__Task requirements__
Within the entries below, output exactly the lines between the line containing "Where is tonga located on the map" and the line containing "Left: a photo", inclusive, and omit any picture.

__Stored data__
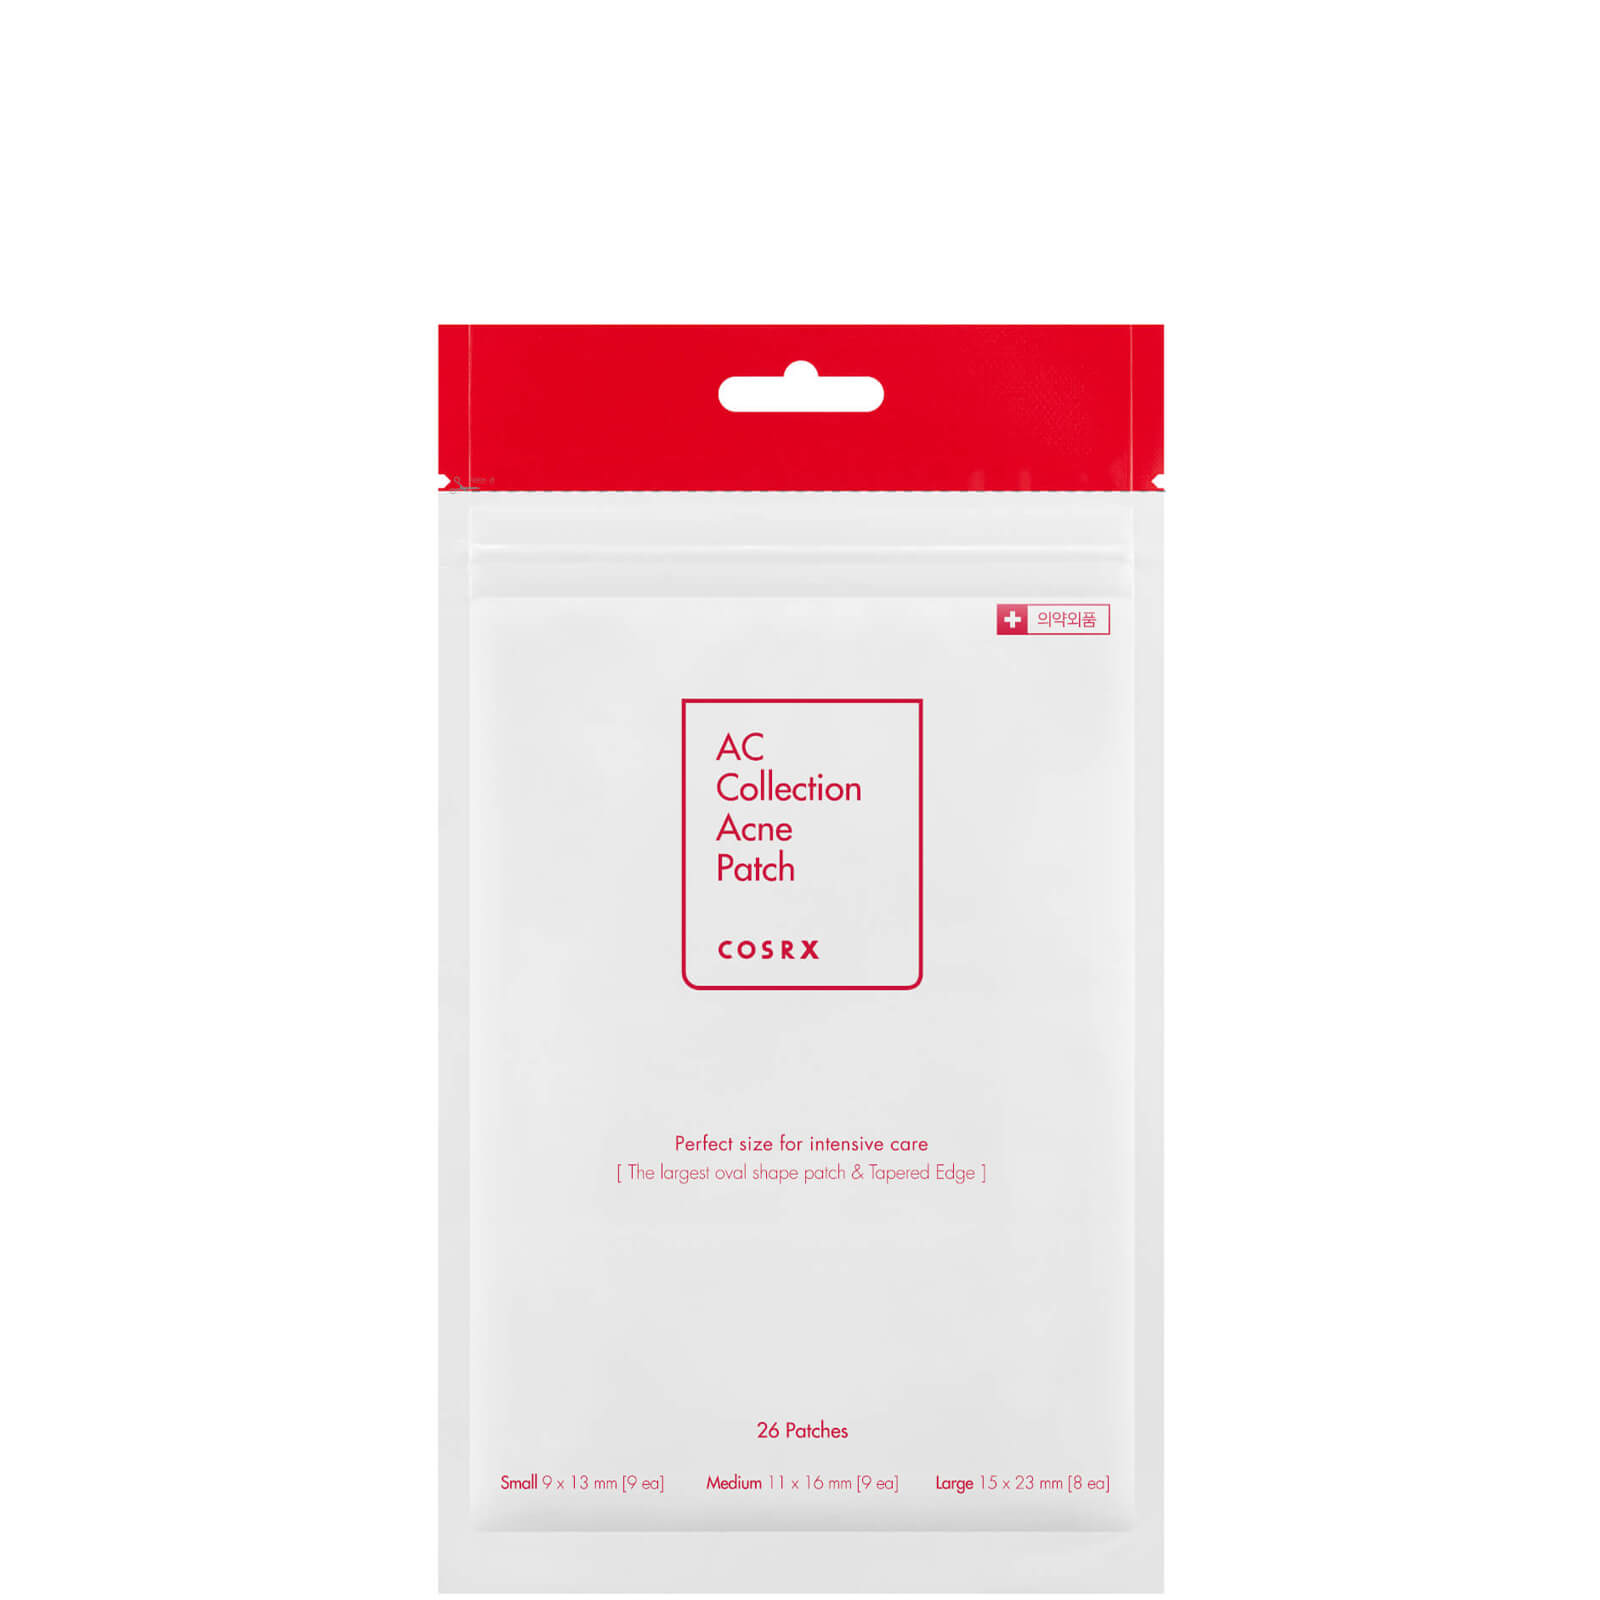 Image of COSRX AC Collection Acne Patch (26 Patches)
==
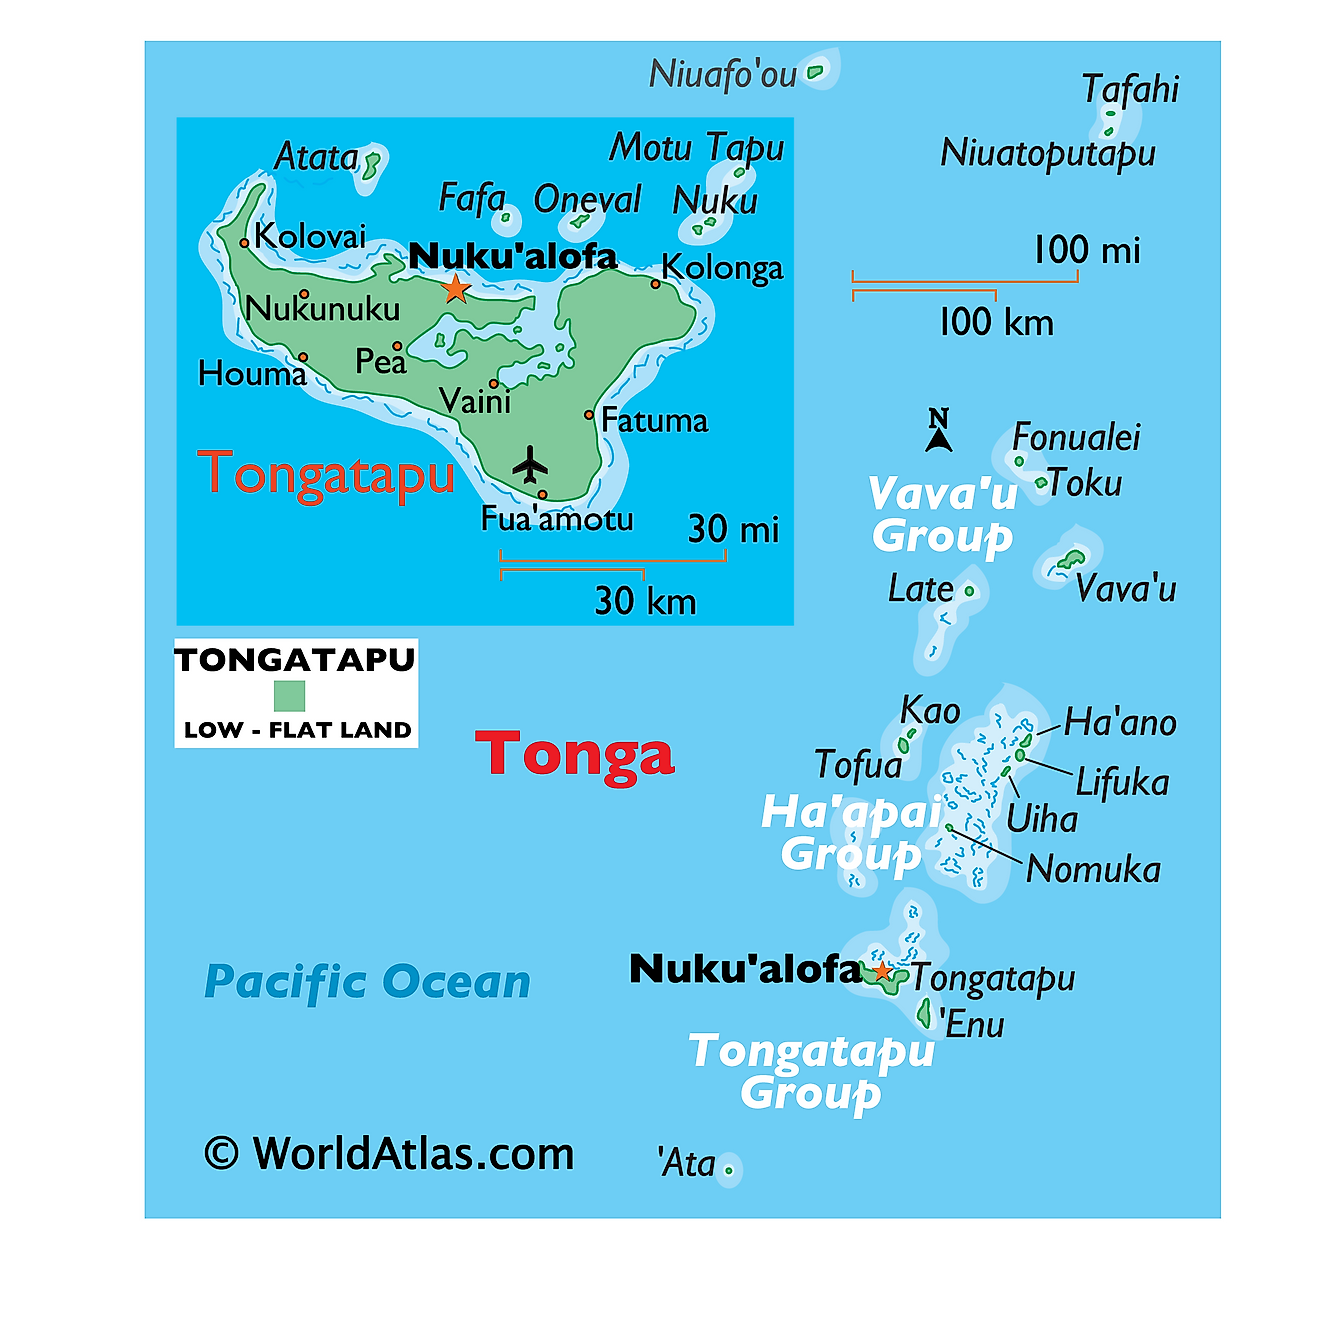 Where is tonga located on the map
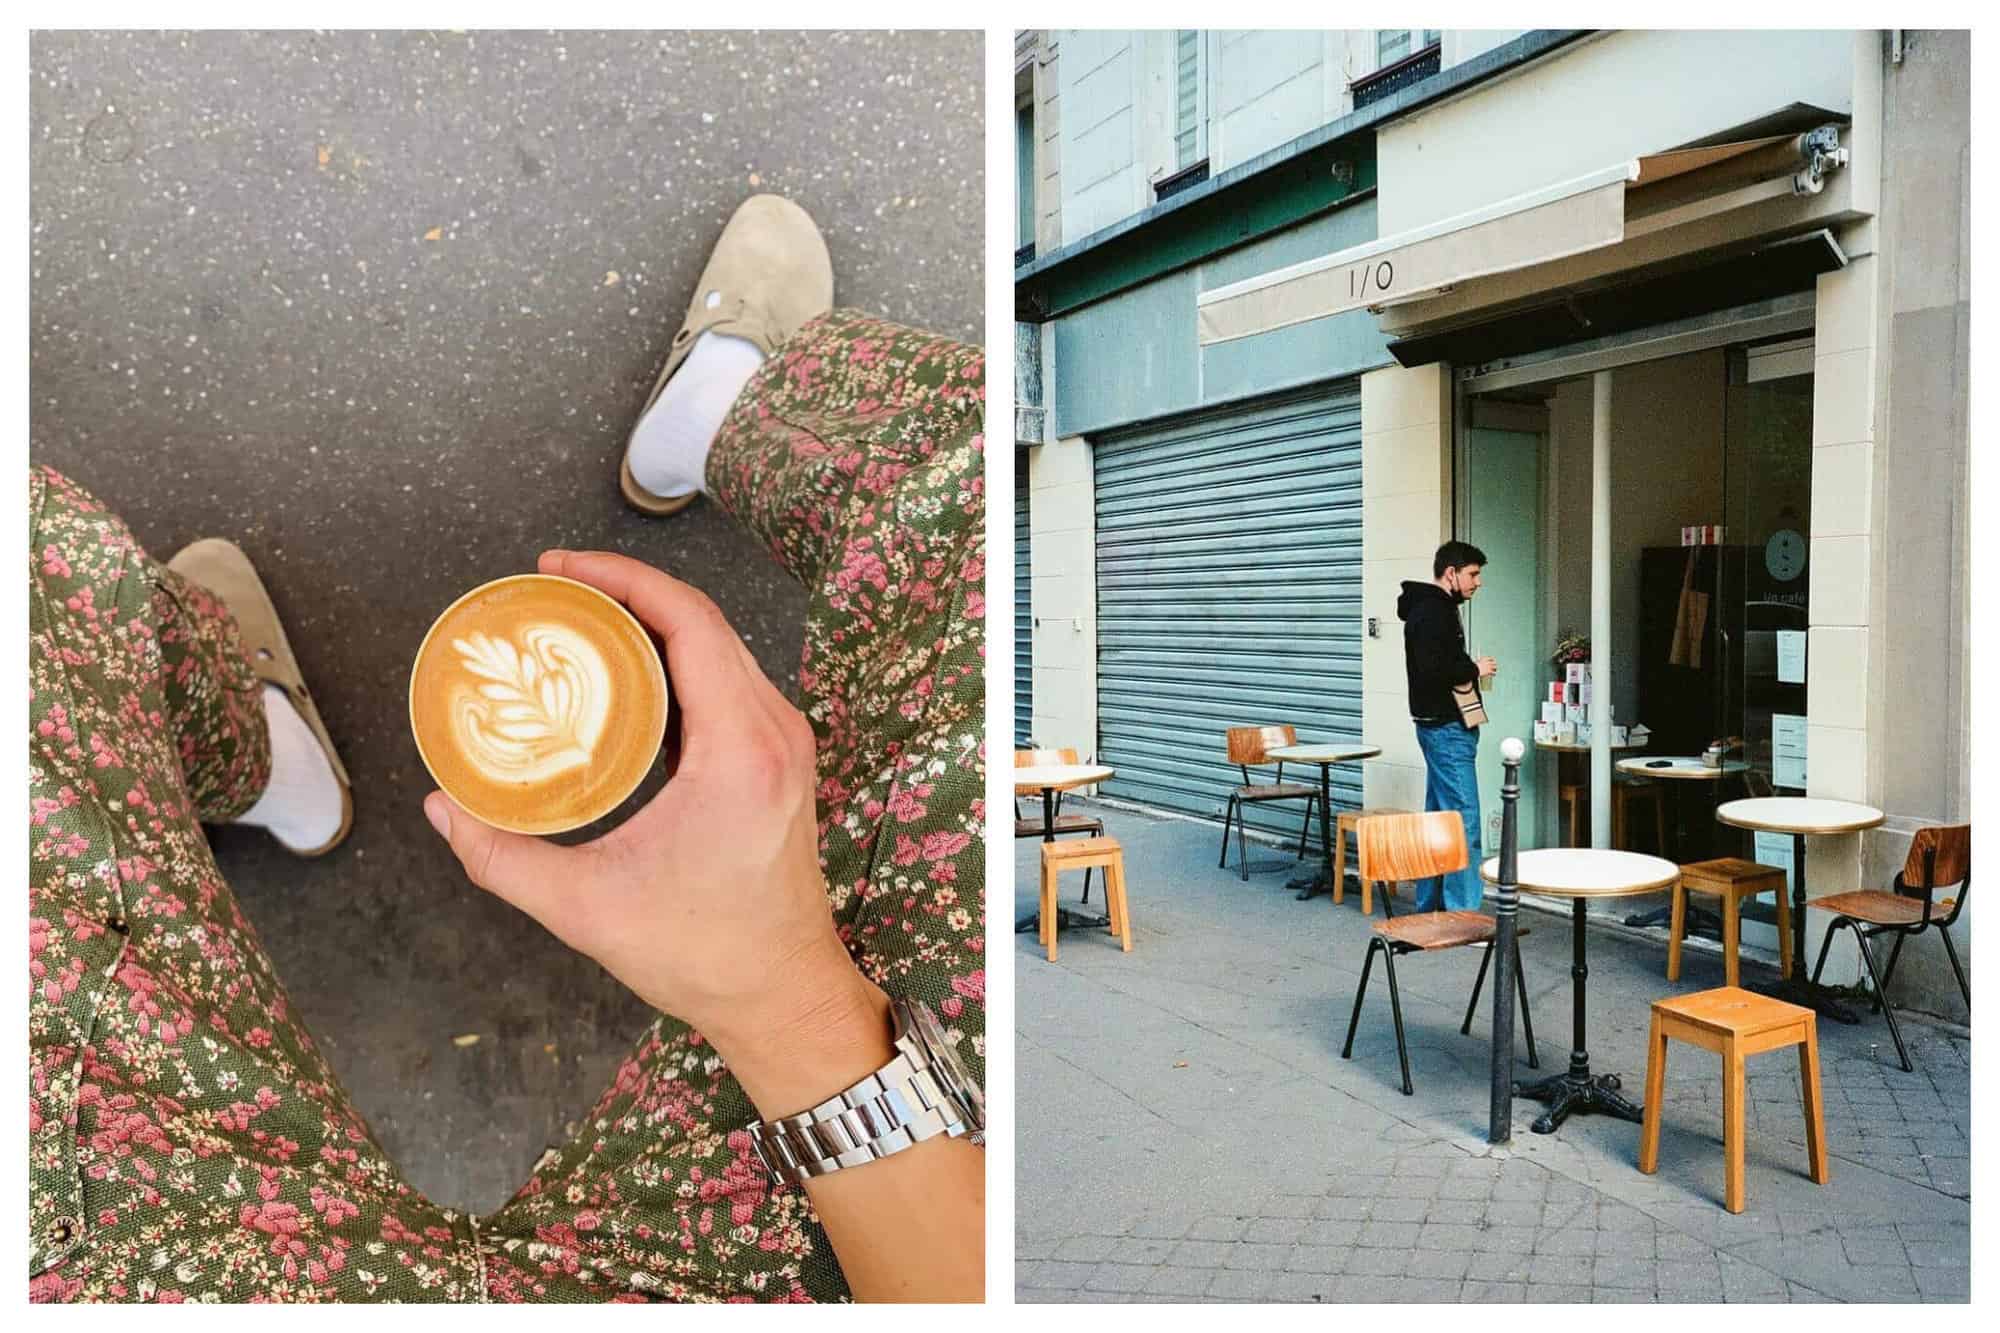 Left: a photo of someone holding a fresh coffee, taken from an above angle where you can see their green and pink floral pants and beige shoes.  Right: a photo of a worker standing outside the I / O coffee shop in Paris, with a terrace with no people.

__Answer space__
 Where is tonga located on the map
 Left: a photo of someone holding a fresh coffee, taken from an above angle where you can see their green and pink floral pants and beige shoes.  Right: a photo of a worker standing outside the I / O coffee shop in Paris, with a terrace with no people.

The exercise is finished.